▶ **Data shown**:
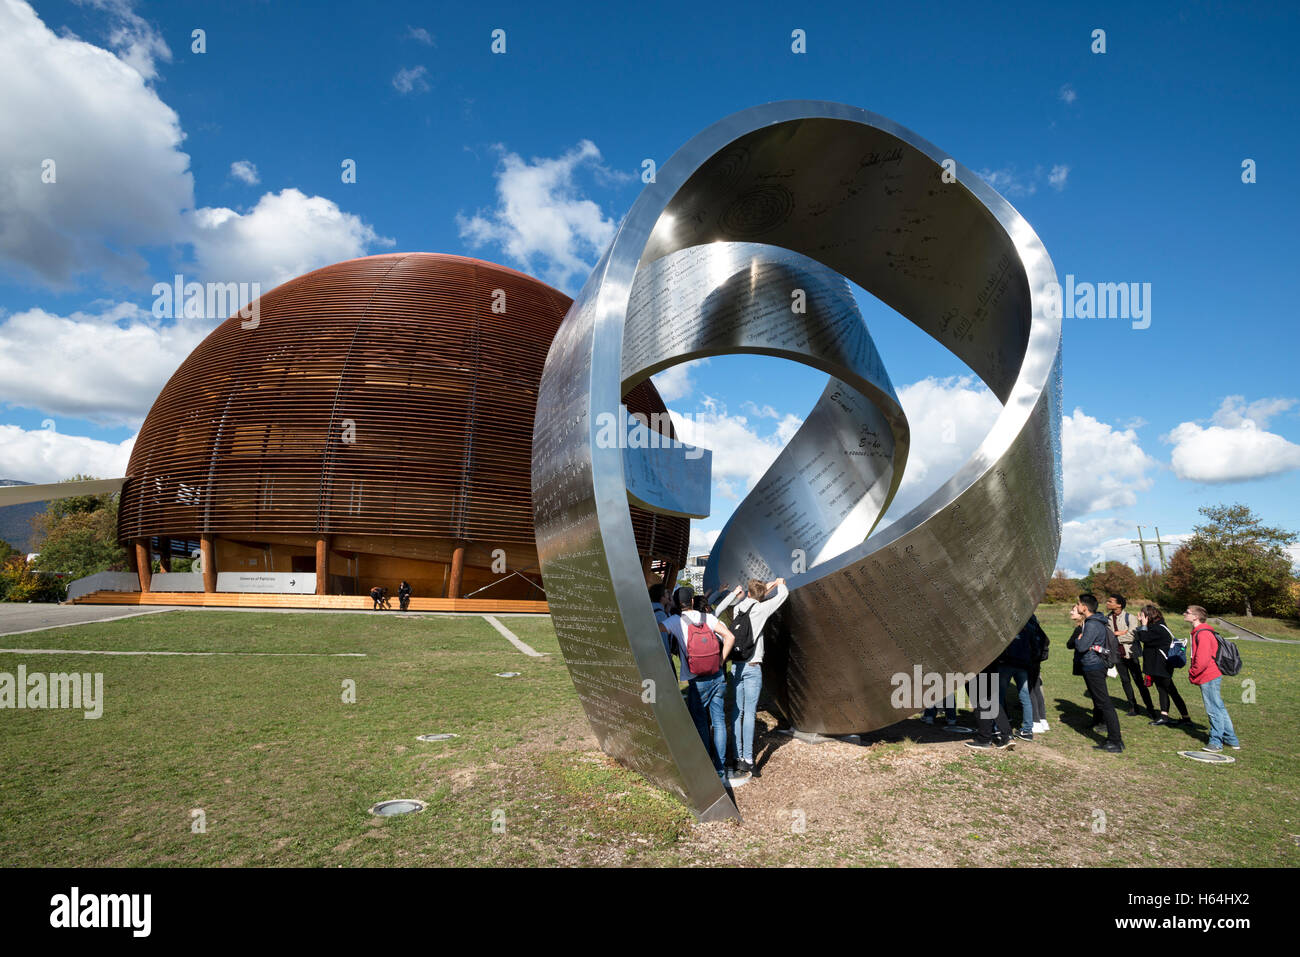 Students admiring the 'Wandering the immeasurable' sculpture CERN centre, Meyrin, Switzerland Stock Photo
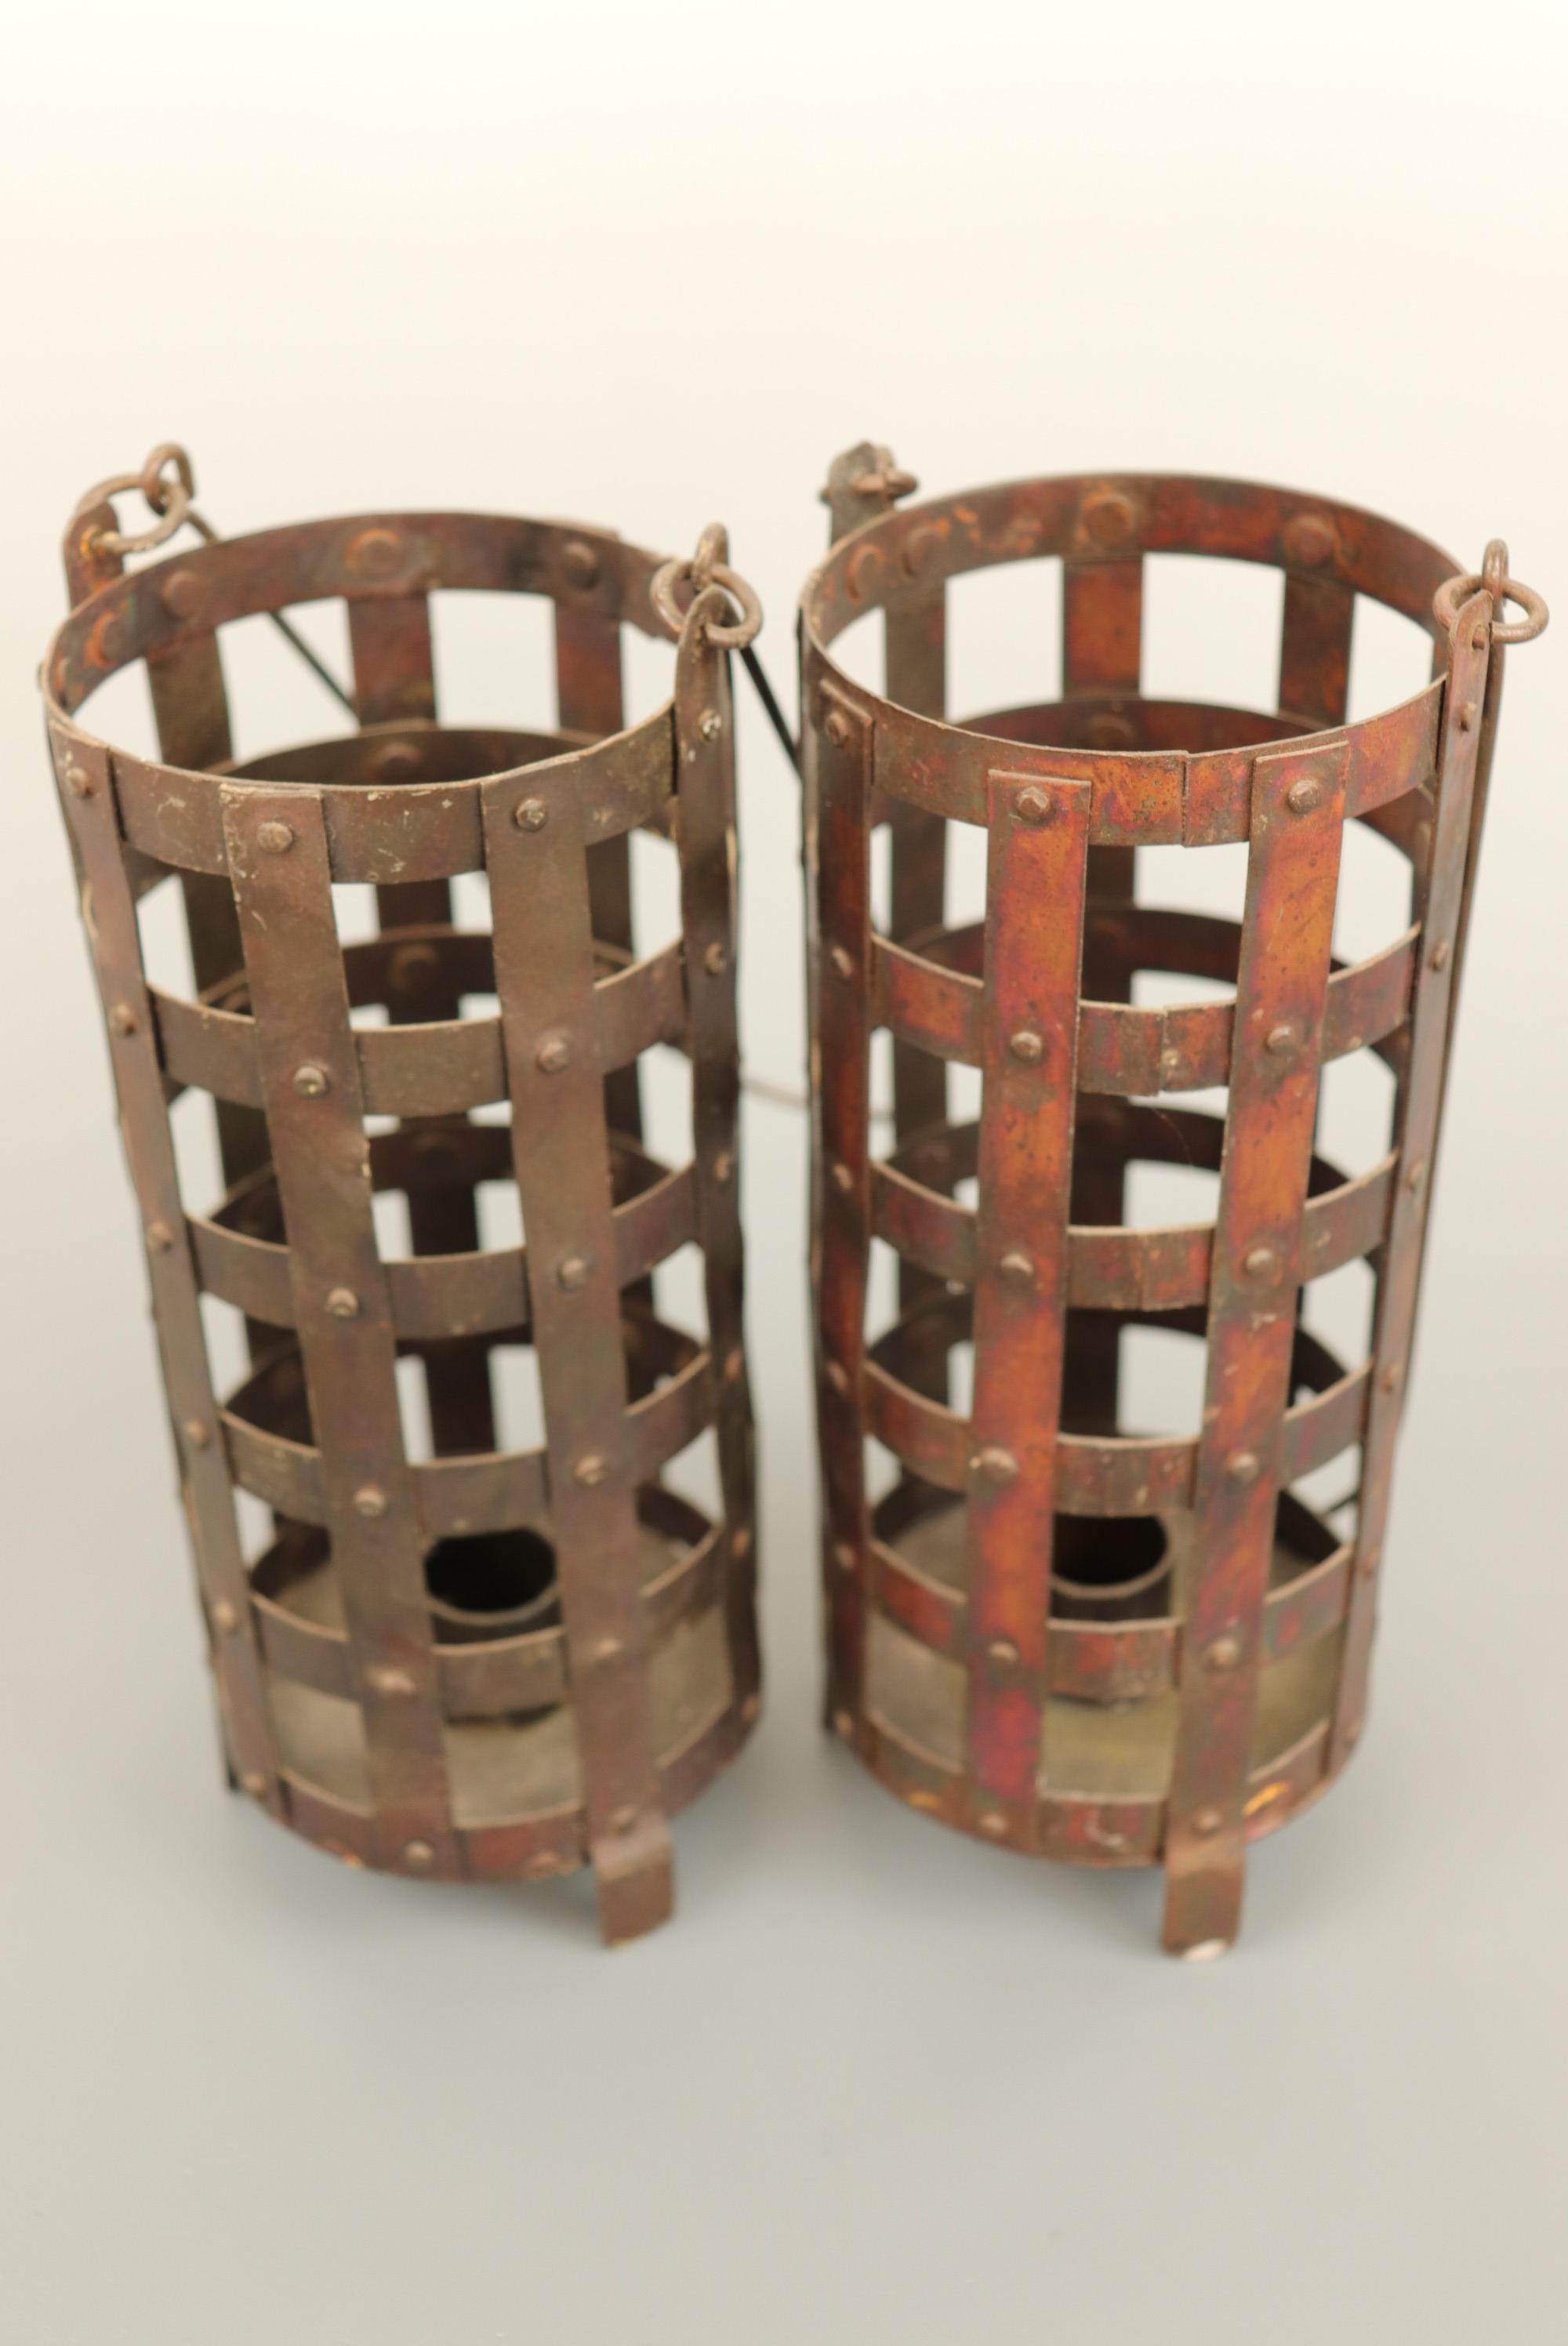 A pair of pendant latticed patinated-iron candle lamps, 20 cm high - Image 2 of 2
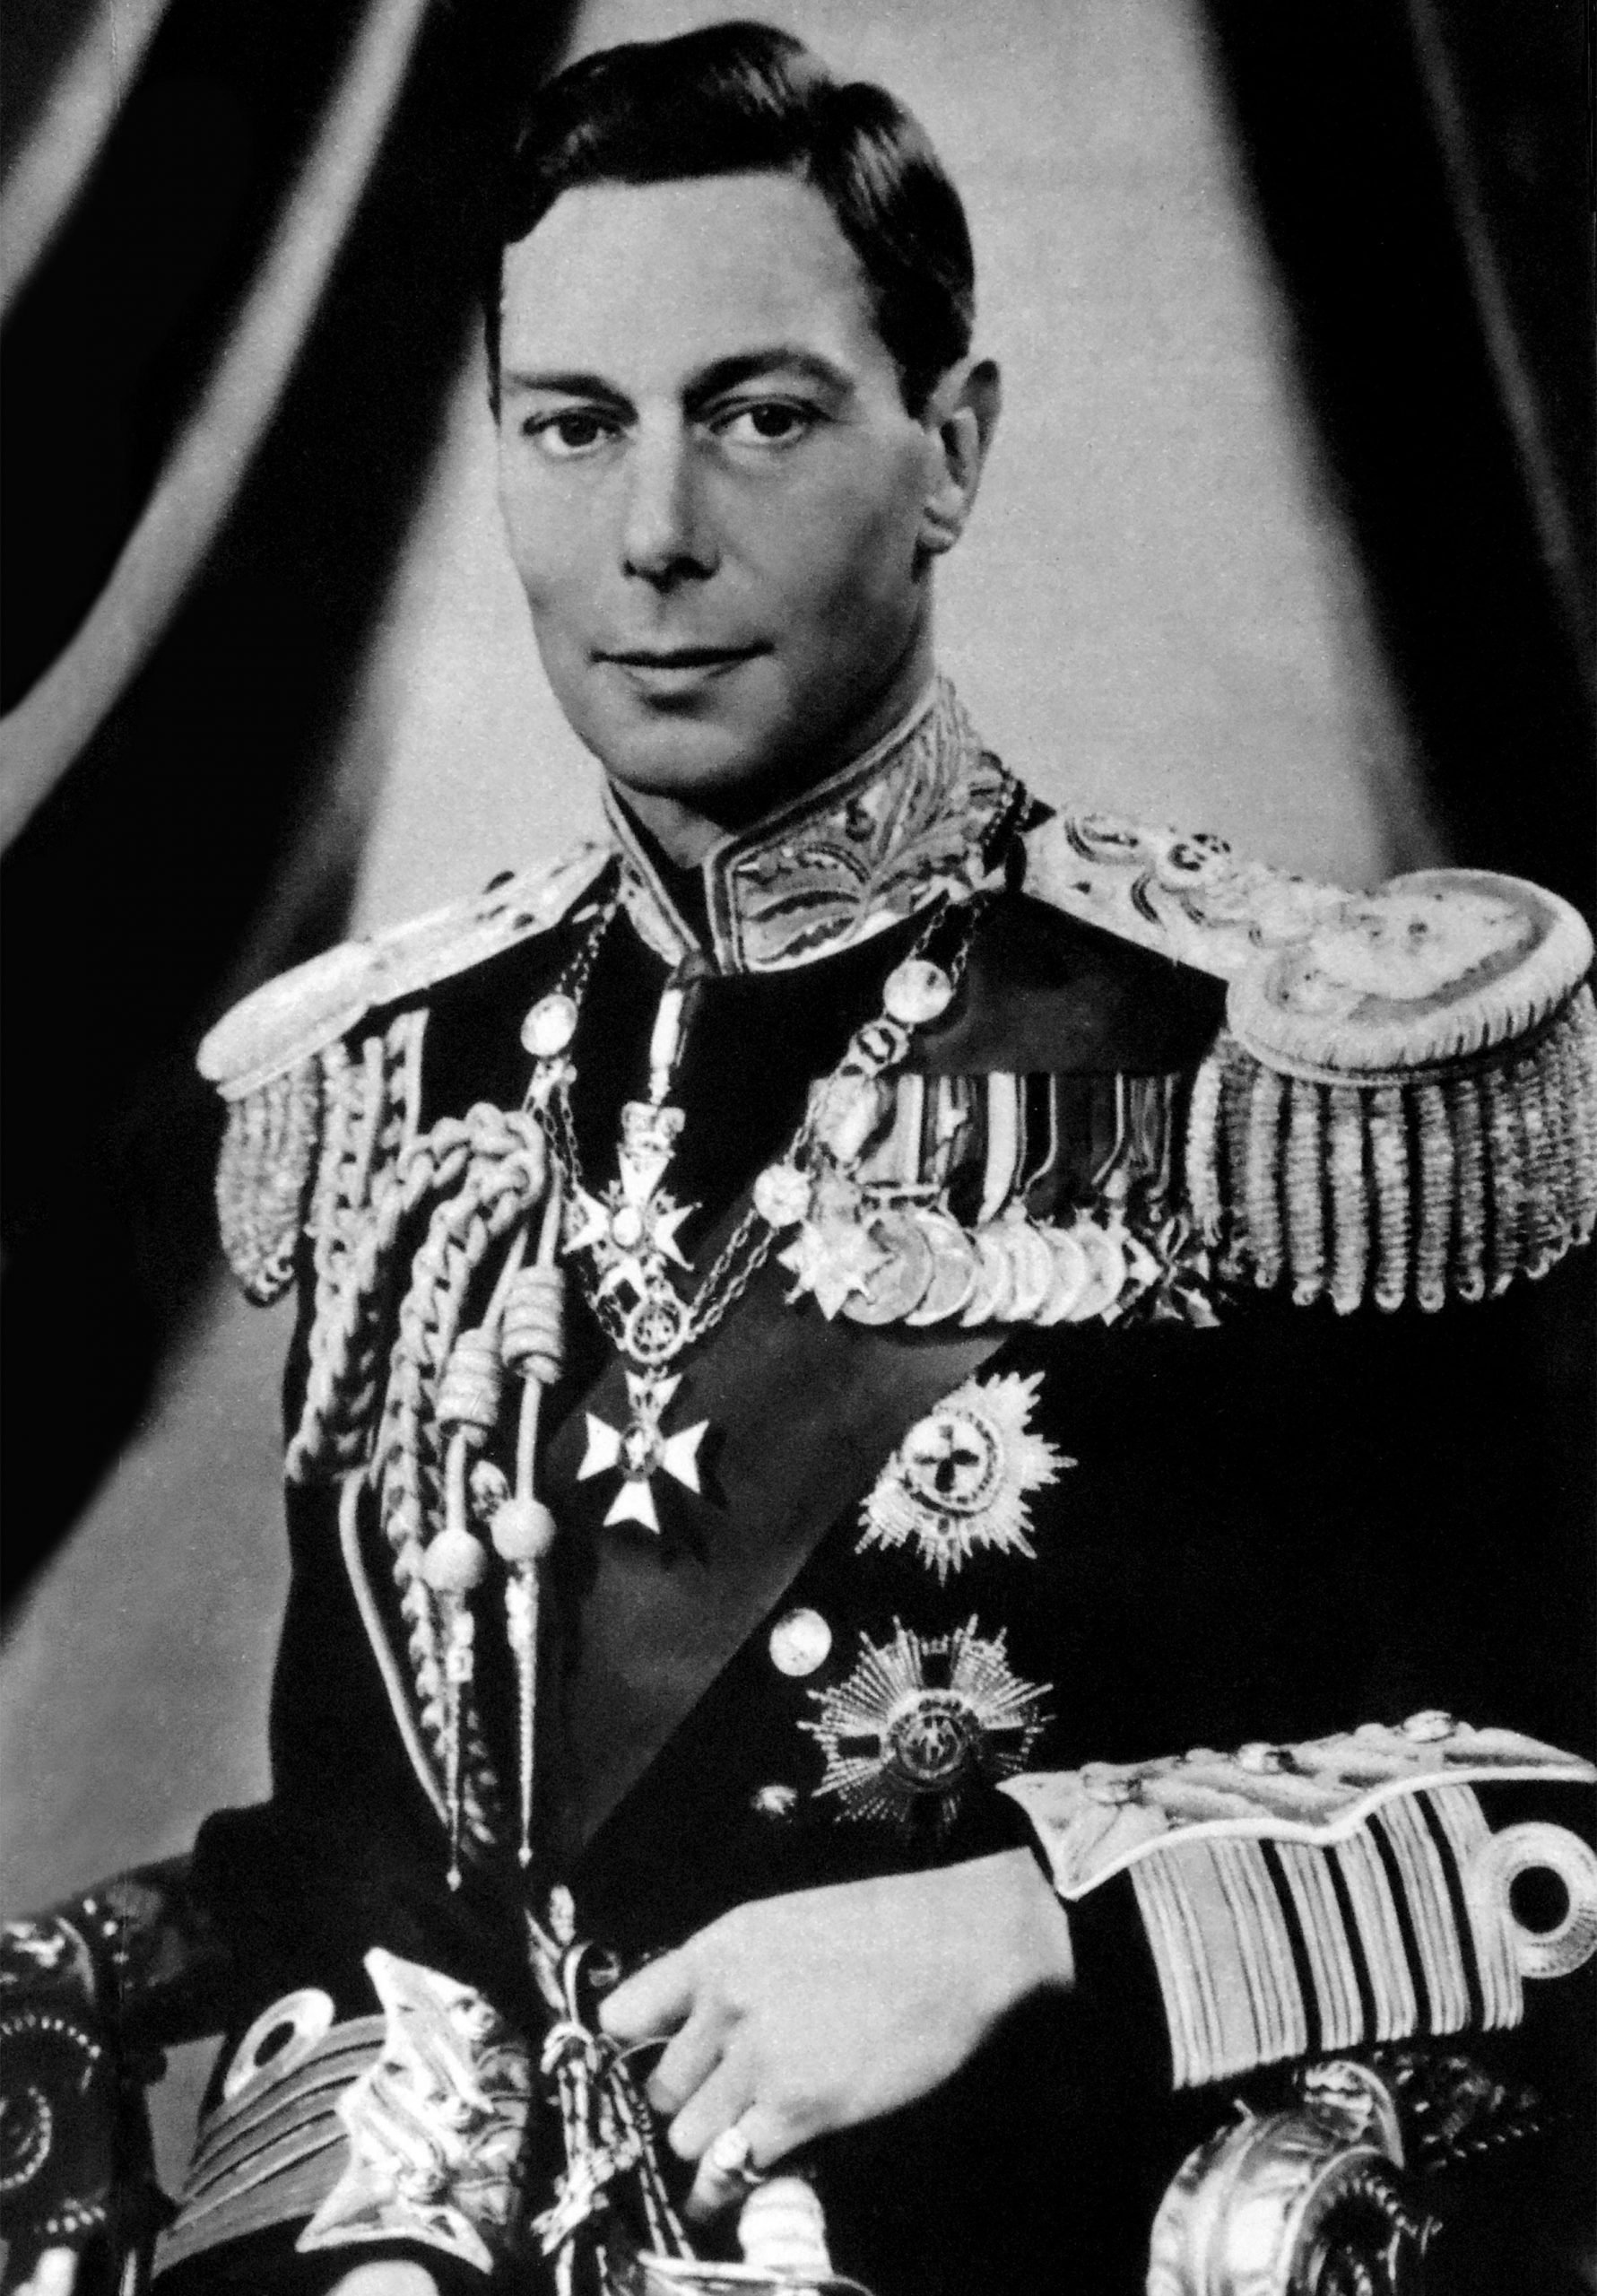 The Scandalous Story of How King George VI Became King | Reader's Digest

▶ **Brief**:
Write out exactly, and only, the lines from the line holding "A pair of pendant" through the end of the data, inclusive, without any pictures.

▶ **Completed task**:
 A pair of pendant latticed patinated-iron candle lamps, 20 cm high - Image 2 of 2
 The Scandalous Story of How King George VI Became King | Reader's Digest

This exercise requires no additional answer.